The purpose of these verification notes is to provide a record of the steps which have been taken
to check the accuracy of the information given in the prospectus (the “Prospectus”) to be
published and issued in relation to the listing of the shares of US$0.01 each (the “Shares”) in
the capital of Fujing Holdings Co., Limited (the “Company”) on Main Board of The Stock
Exchange of Hong Kong Limited (the “Stock Exchange”) by way of Public Offer and Placing
and to assist the directors (the “Directors”) of the Company in complying with the
responsibility statements contained in the Prospectus.

These verification notes are designed to protect the Company, the Directors and the other parties
involved in the Public Offer and Placing.

They are intended to ensure that:


(a) no incorrect statement is made because each person concerned in the preparation of the
Prospectus believes that some other person has checked it;
(b) the bases for every forecast, estimate or expression of opinion contained in the
Prospectus have been verified; and
(c) the implications and/or conclusions which a reader may reasonably draw from the
statements in the Prospectus are true (for it is not sufficient that a statement is itself
correct if an inference, implication or conclusion which may properly be drawn from it
is misleading or incorrect).

The Prospectus will constitute a prospectus for the purposes of the Companies (Winding Up
and Miscellaneous Provisions) Ordinance (Cap.32) of the Laws of Hong Kong (“Companies
Ordinance”). Misleading statements and omissions may expose the Company, the individual
Directors and others to civil and criminal liabilities.

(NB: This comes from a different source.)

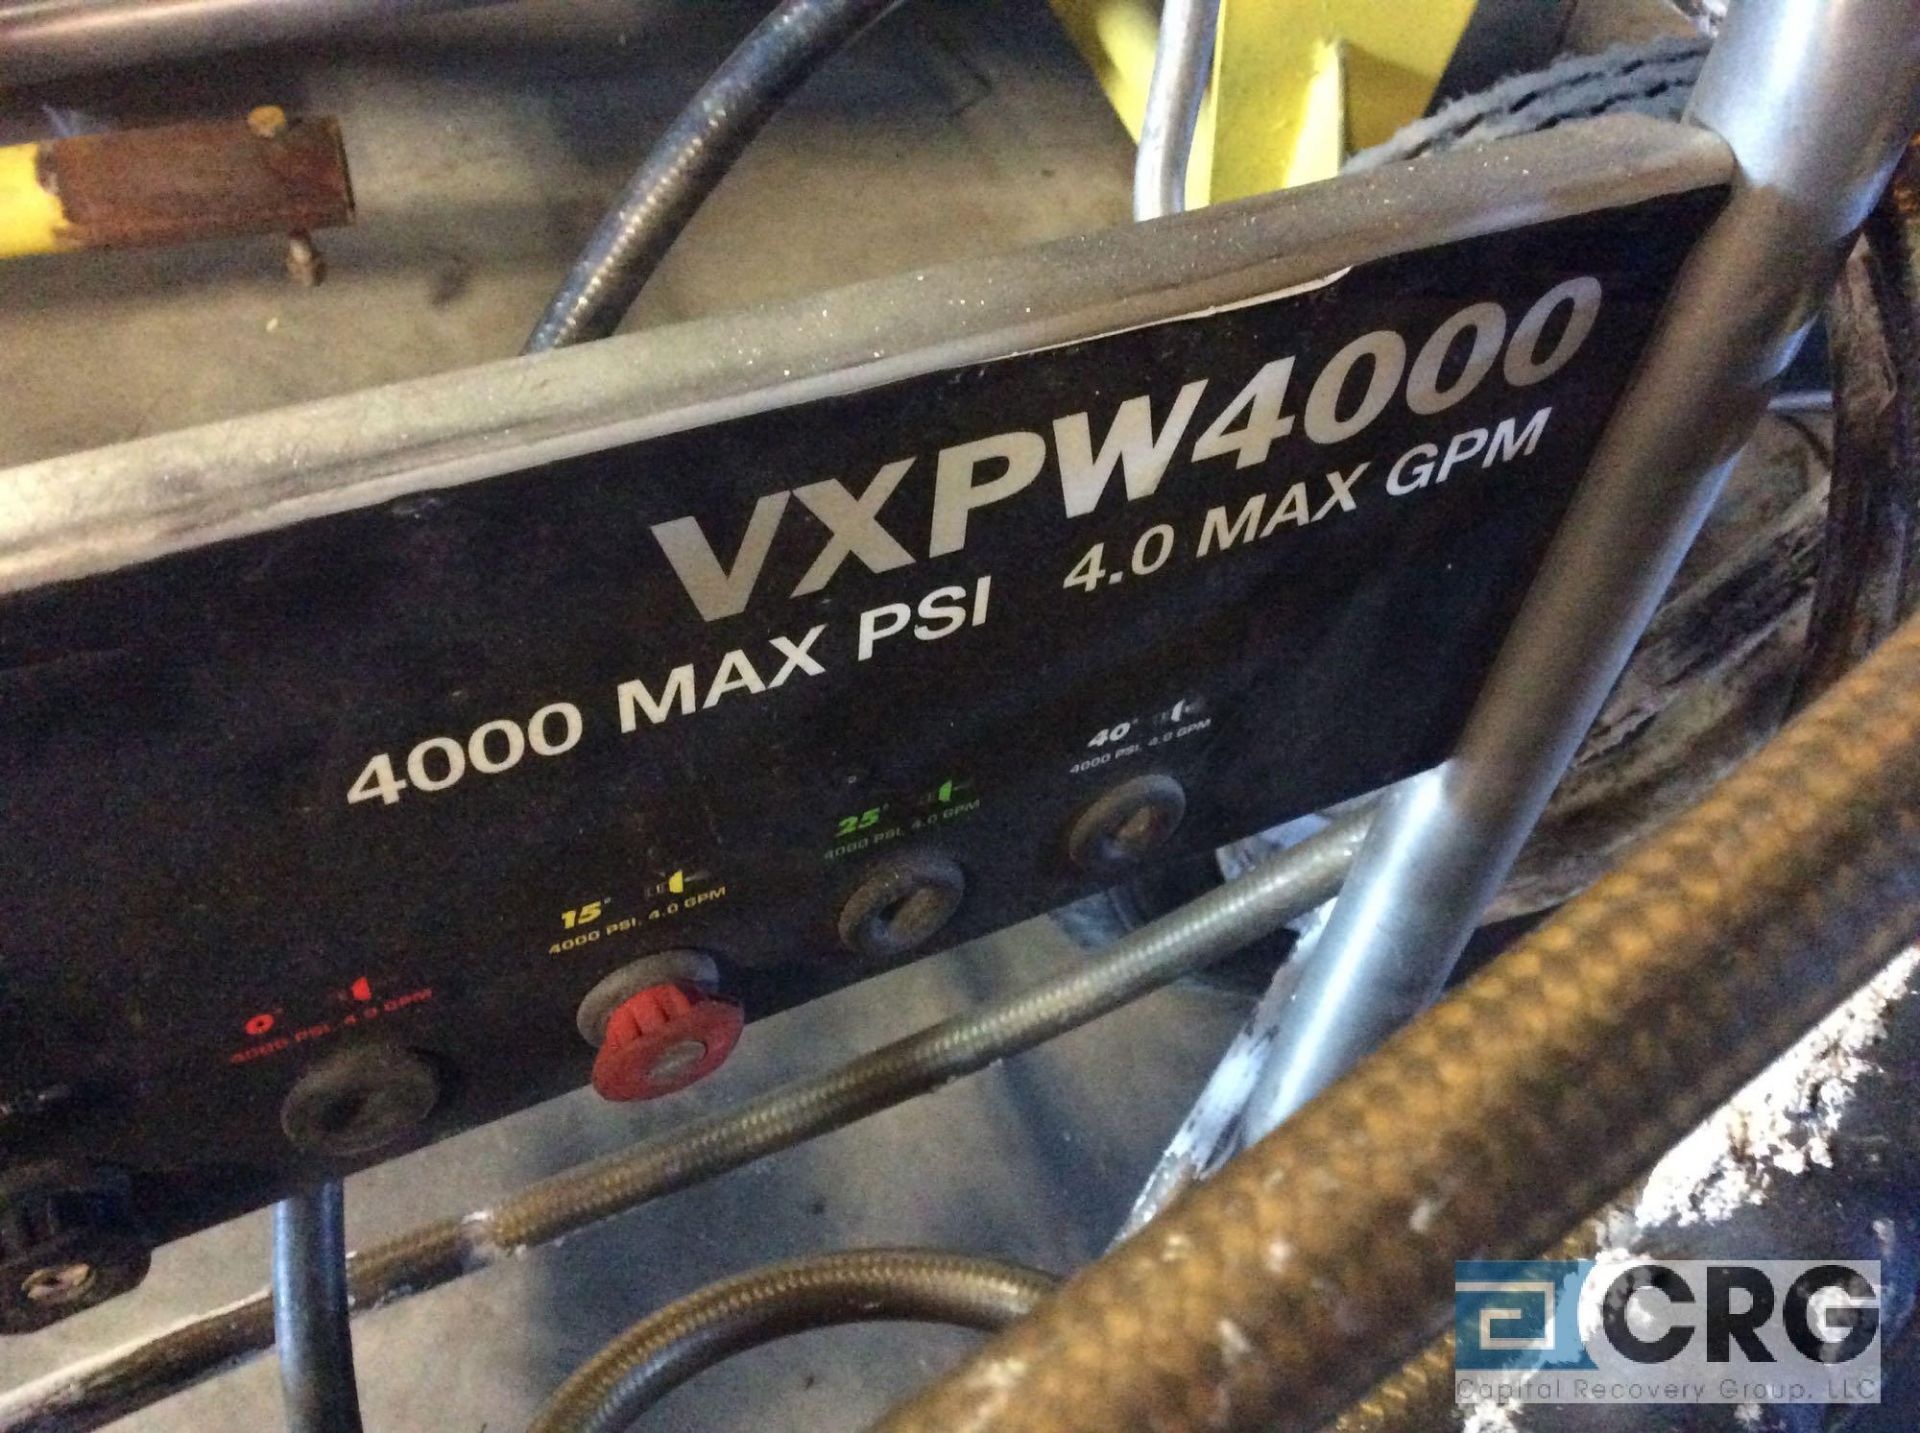 VOX industrial portable pressure washer, mn VXPW4000, 4000 max psi, with Honda GX390 gas engine ( - Image 2 of 2
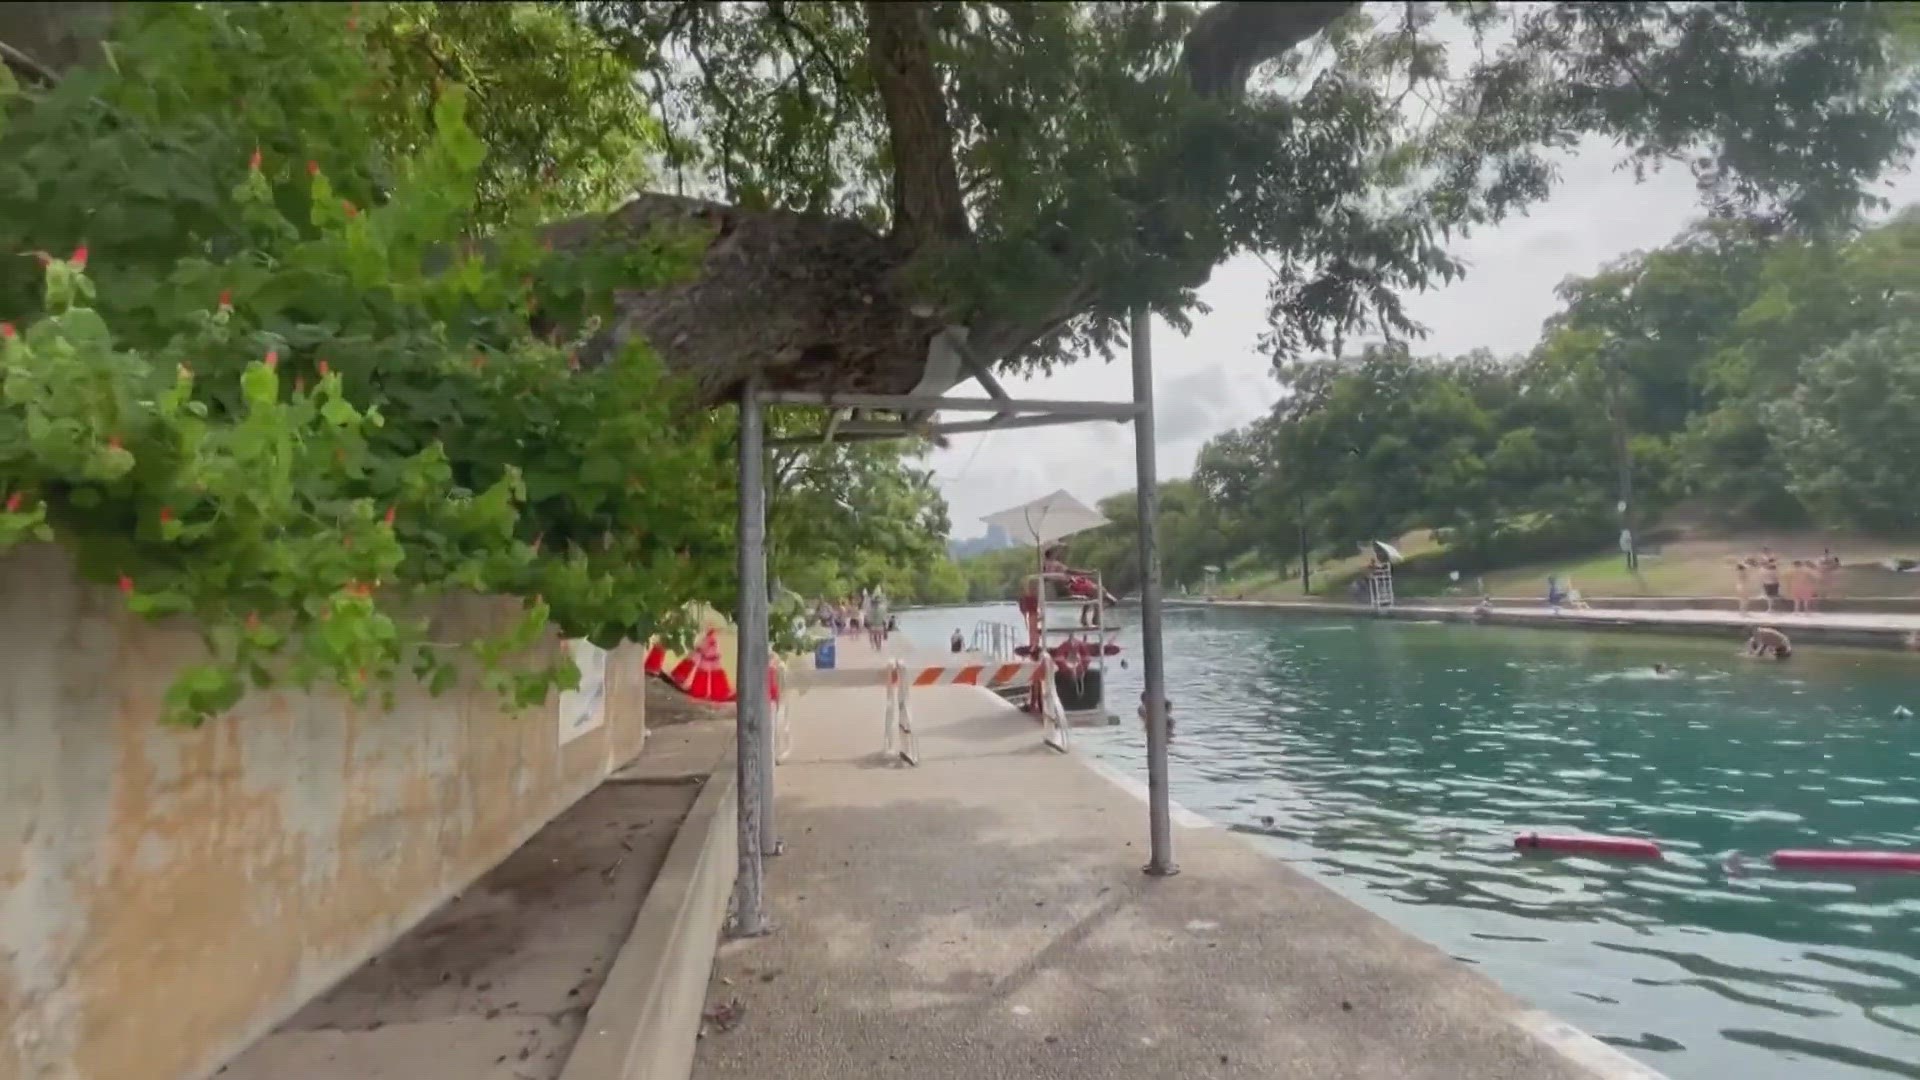 The city plans to remove a 100-year-old pecan tree from Barton Springs Pool.

These verification notes and the replies thereto will be treated as confidential and will not be
filed with any authority in Hong Kong, the PRC or other jurisdictions including the Companies
Registry in Hong Kong, any stock exchange and the Securities and Futures Commission of
Hong Kong or be available for inspection.
Whilst these verification notes are drawn up to record that all statements of fact and the bases
for opinions, forecasts and estimates in the Prospectus have been verified, there are areas which
cannot be covered by notes of this nature and as a result it is important to ensure that the
Directors have disclosed all material facts in the Prospectus. It is important that each Director
should appreciate that he takes individual as well as collective responsibility with the other
Directors for ensuring that all material facts in relation to the Company are disclosed in the
Prospectus. Except where otherwise stated, expressions defined in the Prospectus have the same
meanings when used in these verification notes.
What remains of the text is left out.